This is so true and so valuable. One of our companies makes a hunting product. When we were first debuting the product, I spent a lot of time on hunting forums. I got so much free market research from those forums just from asking simple questions. I could test marketing strategies, try out new slogans and hear what people thought of marketing and marketers without exposing our company to any negative attention. It was fabulous.

10-14-2008, 11:12 PM
It's perhaps the best and least utilized reason for paying attention to social media. People want to see social media as a quick source of traffic, but it's much more. You hear all the time people not knowing how they can determine what their customers want. All you have to do is listen. Customers are telling you every day what they want.

10-15-2008, 05:08 PM
It's perhaps the best and least utilized reason for paying attention to social media. People want to see social media as a quick source of traffic, but it's much more. You hear all the time people not knowing how they can determine what their customers want. All you have to do is listen. Customers are telling you every day what they want.

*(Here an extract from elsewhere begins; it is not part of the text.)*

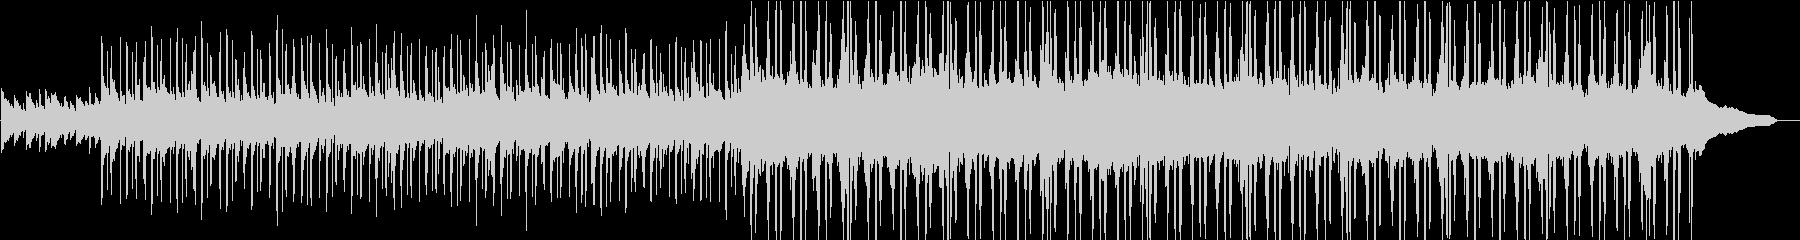 VP系10B、穏やか【メロ抜き】の未再生の波形

They really are and, if you spend the time to become part of the community, they'll answer your questions in detail. I think people who view social media as simply a way to talk are making a mistake. At least half the value of social media is being able to listen, at least when it comes to forums. You can learn so much just from reading responses.

Granted, sometimes the feedback you get is just a small cross section of your target market, but it is still feedback from potential customers and, as such, is invaluable.

10-16-2008, 02:54 AM
I think people who view social media as simply a way to talk are making a mistake.

Agreed. A conversation is a two way flow of information. In order to be part of a conversation you need to be able to listen as well as talk.

10-25-2008, 09:30 AM
i sure agree and thats why im trying to find out where my target customers hang out on the web....like a small business forum for brick and mortar businesses...anybody know one?

im like a sponge and love all info...even when i dont exactly get it...it really bugs me that i dont really know much about twitter and digg and stumble facebook,etc etc ...but dang...im way busy..and can hardly keep up with the stuff i already have going.....
and i would love to hear a social media conversation within the brick and mortar community.....not sure what would be the most effective thing to add to a going brick and mortar business.......
we have website and email and blog and a few forums..

10-25-2008, 10:29 AM
It is pretty easy to get lost in the choices, Ann. Before you know it you can have several profiles going and not really be doing much with any of them. If you're looking to talk to customers, one of your best bets is a forum. Find a decorating forum and see who's there. I bet you could get lots of good ideas.

10-25-2008, 10:52 AM
thats what i figure too...and why its pretty hard for me to commit to a new venture, my last one was the blog....the next maybe a new webiste.......but every step we have taken into cyberspace has brought us good things for our store..so itsnaturally interesting to me......

decorating forums are mostly stay at home moms, not anyone in business.....i know lots of places for decorating talk , and i check in sometimes, im not really looking for decorating ideas....have great sources and ideas already..
.,..im looking for a store forum , where owners who might need my products would be or where owners might be discussing the issues my store is facing...,, if you ever hear of one i would love to take a peek......

10-26-2008, 06:15 PM
Ann why not ask on your blog what social media sites people use (if they use them). You could write a post saying how you think many of your readers have similar interests and might like to connect with each other. Then ask them to post a link to their social media profiles or just mention their usernames.

Another way to connect is to start using a site like Facebook, or Twitter, or whichever, write a post about your initial experiences and post a link to your profile asking people to follow you. Then ask your readers to post their's too.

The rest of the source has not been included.